It is in with auratus who I have never seen near it... I would guess tincs would destroy it.

It is still in the container from black jungle, when I transplant though though, very VERY carefully repot them in ABG. I think it would live on top of the sphagnum as long as you keep it moist. You may want to experiment though.


----------



## BrianWI (Feb 4, 2012)

wohlerswi

So, without frogs, they grow ok in substrate?

I will have azureus in this tank, a small terrarium, so maybe I will put it on the back styrofam wall.

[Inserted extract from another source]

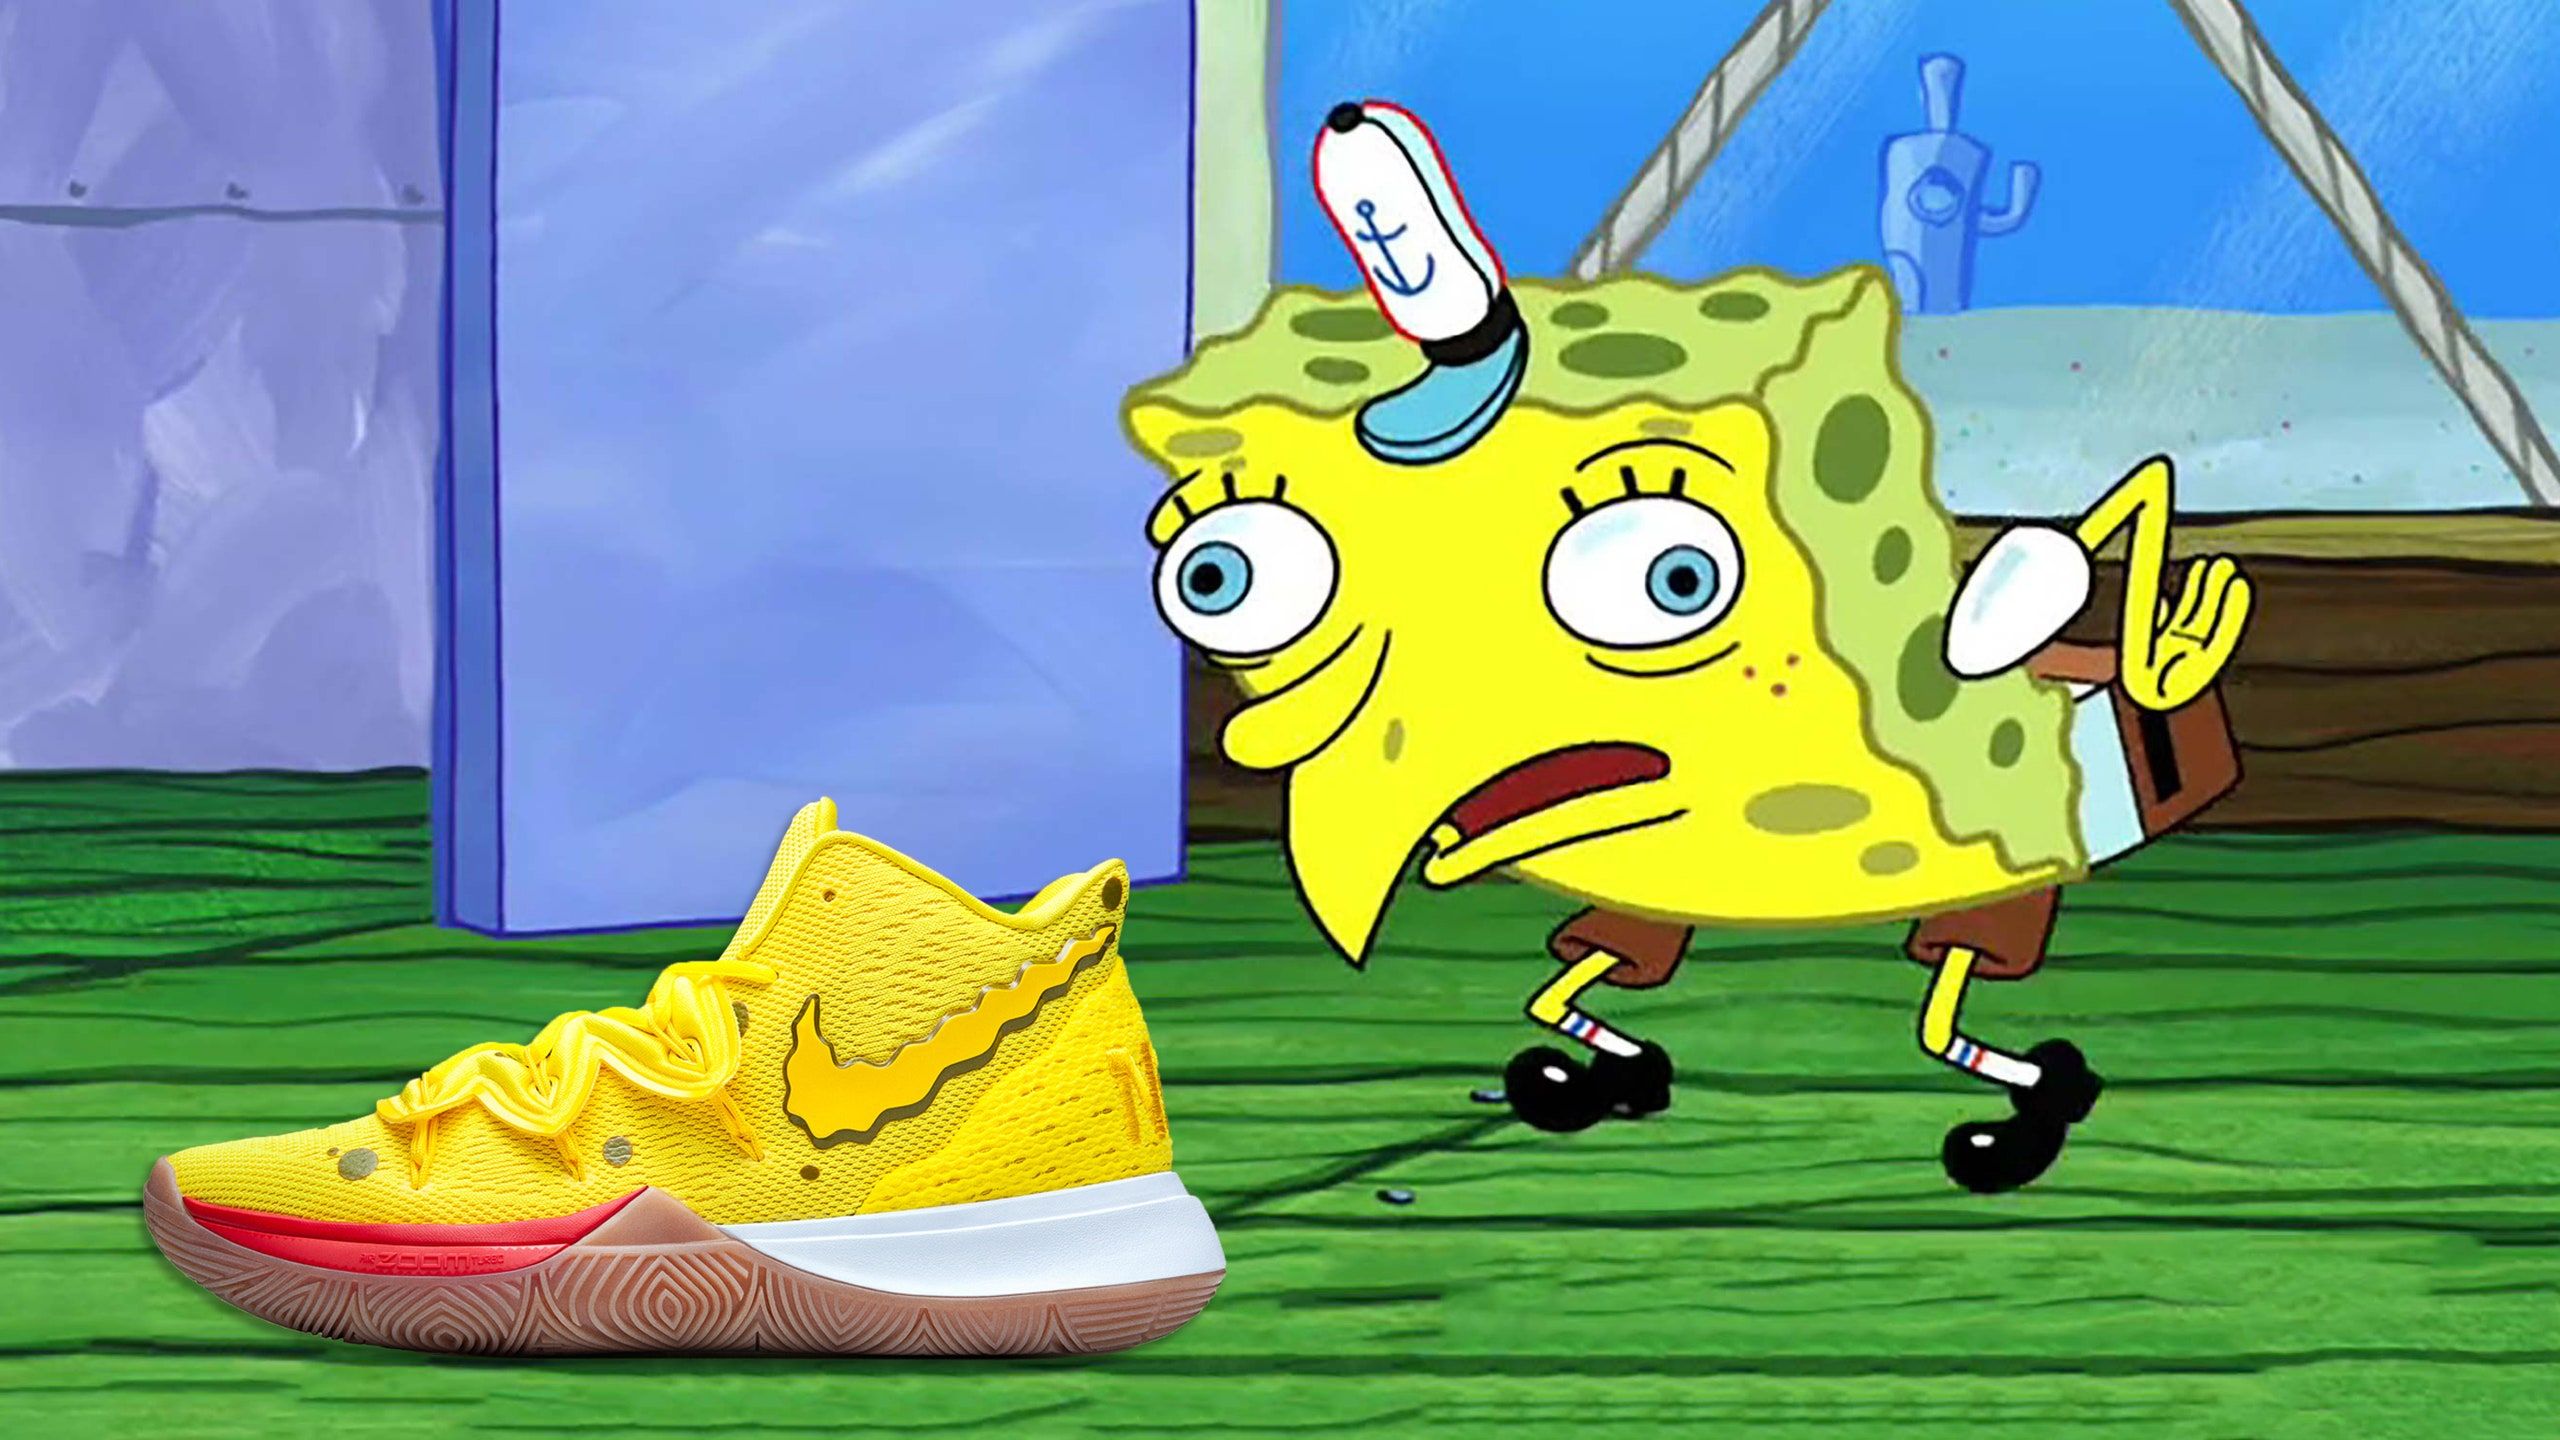 Kyrie Irving on His New Nike x SpongeBob Shoes and the Best Basketball Players in Bikini Bottom
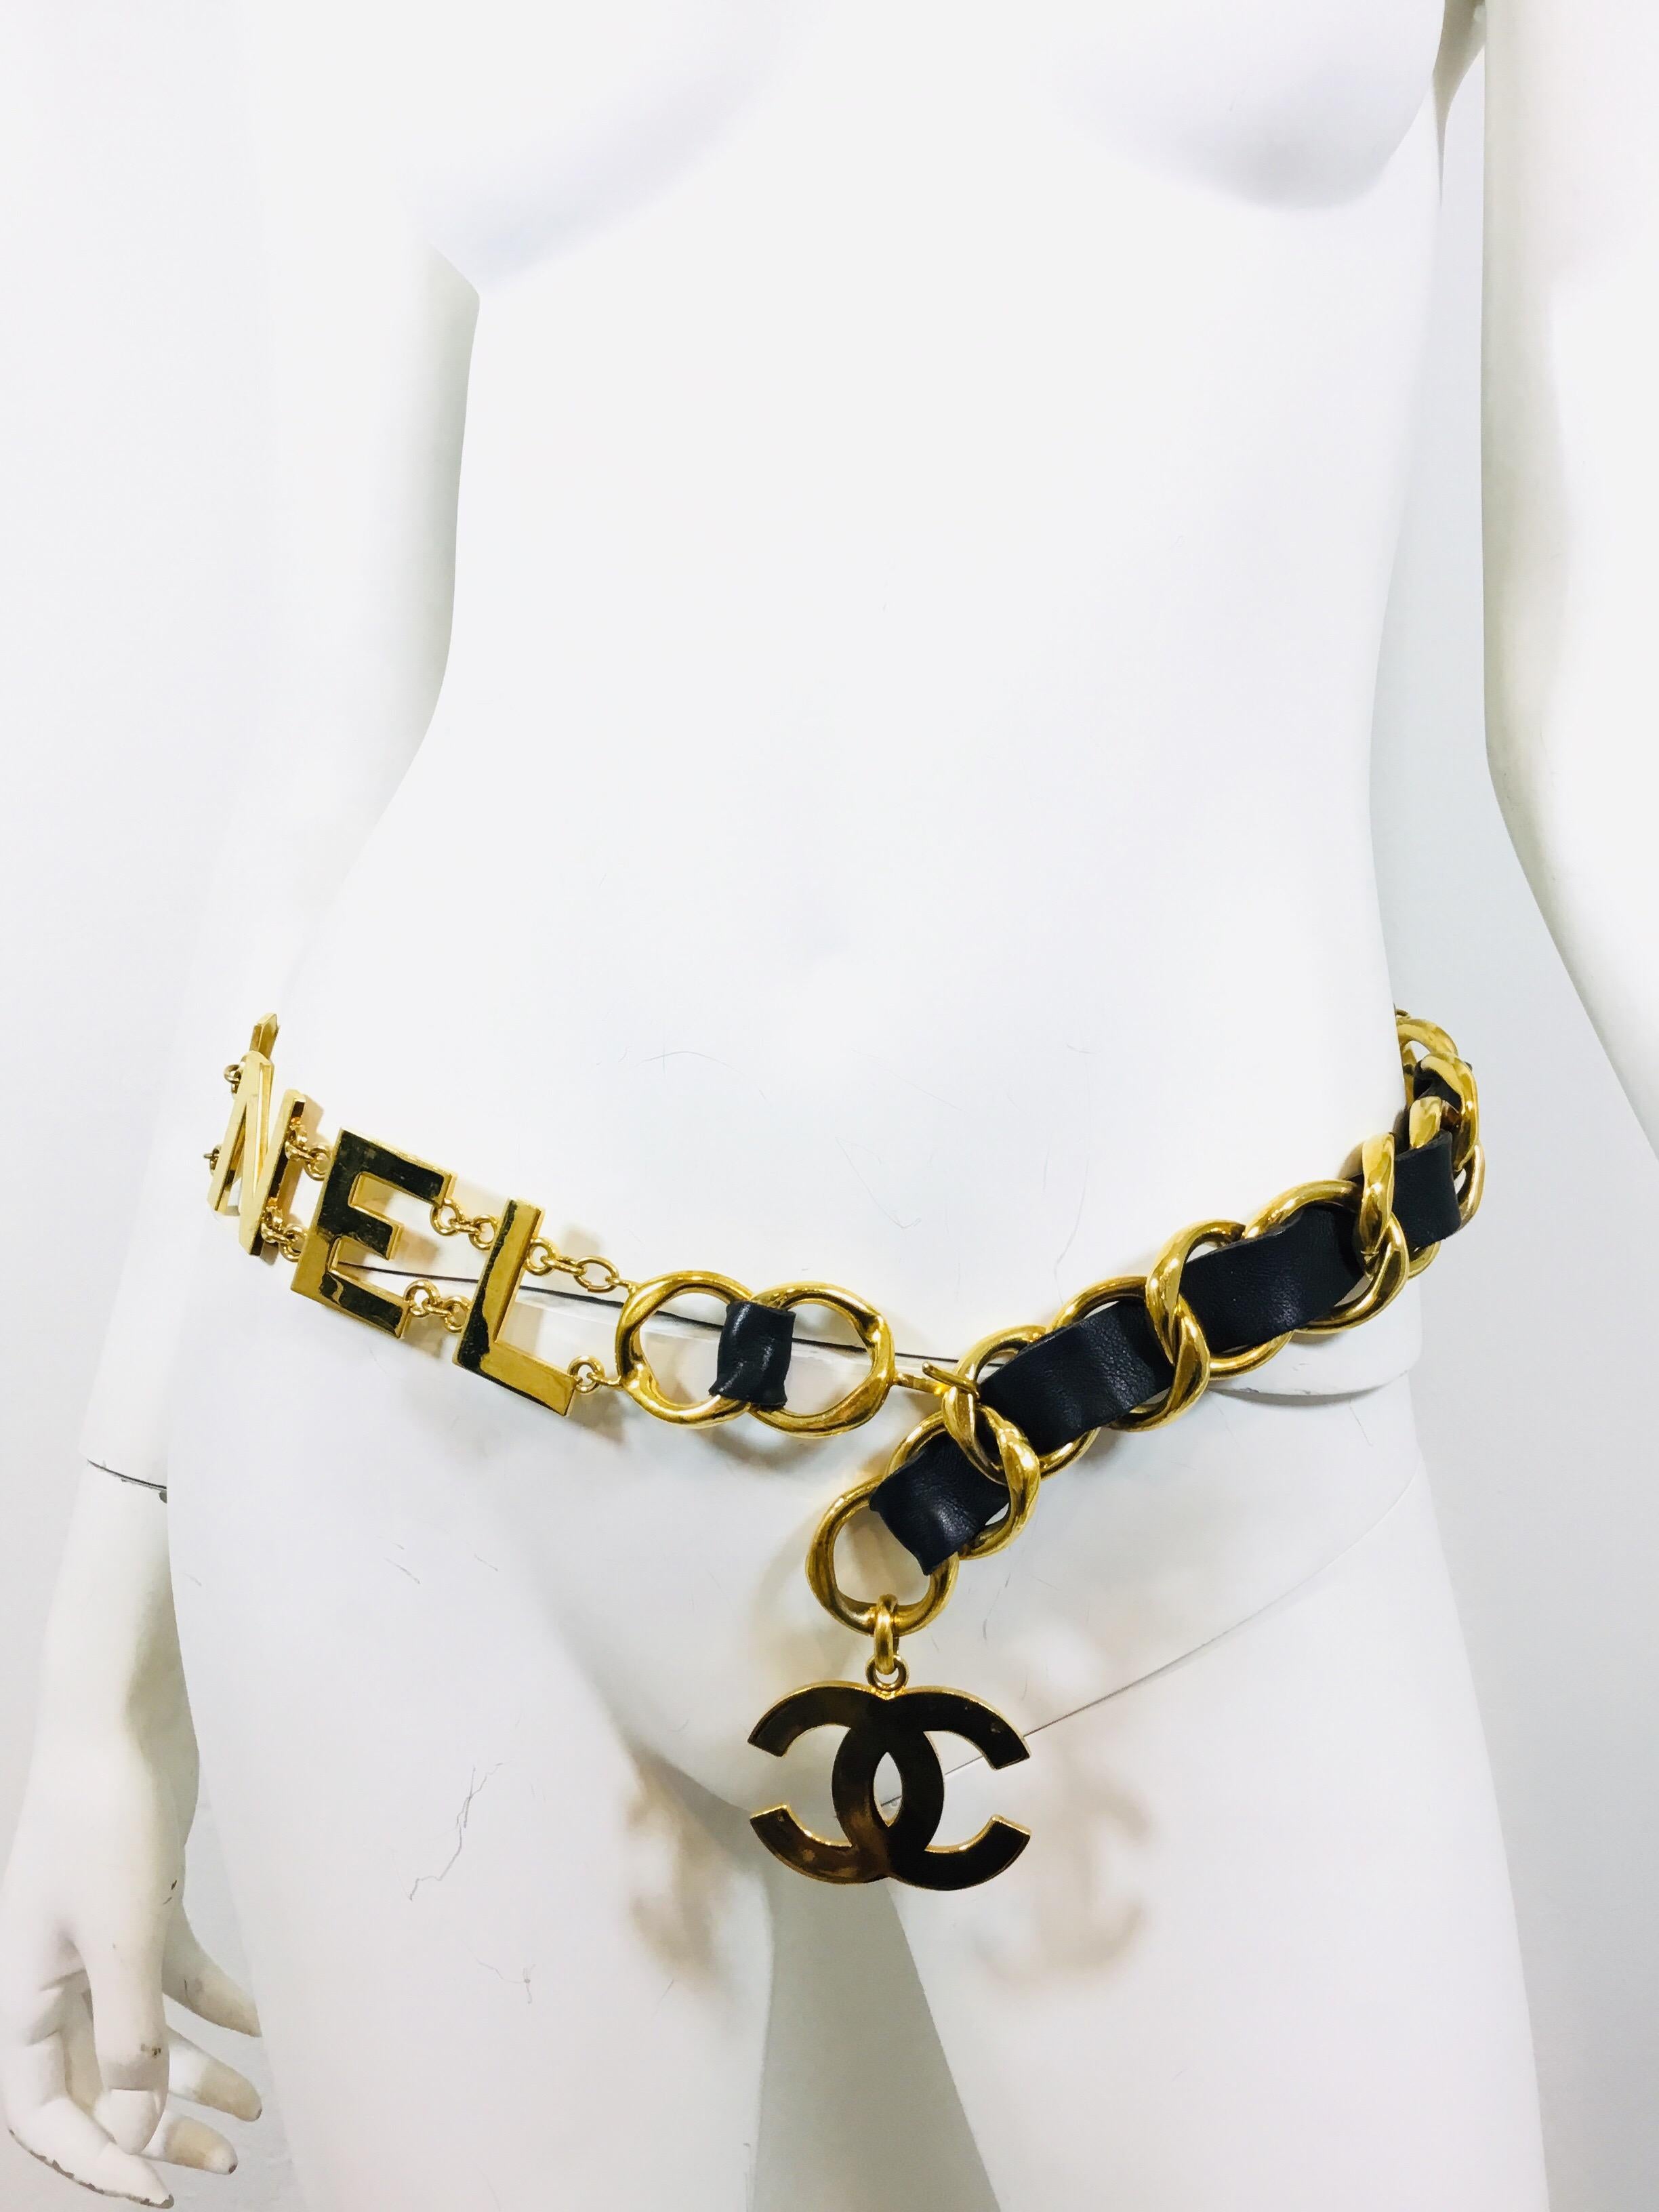 Vintage Chanel belt from 1993 featured in gold with black leather intertwined. Belt spells out “COCO CHANEL” and is approximately 36 inches long and close to 2 inches wide. Belt is in excellent vintage condition with some normal light scratches to

Do you have ideas on proper mounting? Just bare, or should I have something around the root?


----------



## wohlerswi (Nov 20, 2011)

I wouldnt put in directly into the substrate with or without frogs. It just doesnt like to be moist all the time, and the ground floor will be. I always just take it (with the tiny roots wrapped in spag. or other moss) and just gently push it into a pocket in the backwall, or plant it directly into a nice pocket on the wall. You can have it planted in substrate in your wall, as long as you dont water it often. And as the previous poster was wondering, you can actually take the babies and just lay them upright on top of the moss. The will shoot roots down from there. They like it real humid but do not like to be directly wet. Anything else just let me know.
thanks
Will


----------



## Shinosuke (Aug 10, 2011)

I took some pictures recently and posted them here (shameless plug): http://www.dendroboard.com/forum/beginner-discussion/72154-my-frogs-skinny-pics.html

Mine wasn't doing well planted in the substrate, in fact it almost completely died off. I pulled it out of the dirt, put a smooth stone in the hole it was in, then put the plant on top of the stone with some sphag kind of laying around it. There's some java moss that's taking over nearby as well. It's doing fantastic now, as are the couple of clippings I laid nearby that are also just sitting on a moist surface (moss or GS covered in coco fiber).
As for frogs, it's in with a couple dwarf guyana tinc's but I've never seen them anywhere near it. In fact, I've never seen them anywhere to the right of the coco-hut so I can't comment on that.


----------



## ICS523 (Mar 10, 2012)

try espicia they are short and creep around with runners, plus they have fabulous flowers.


----------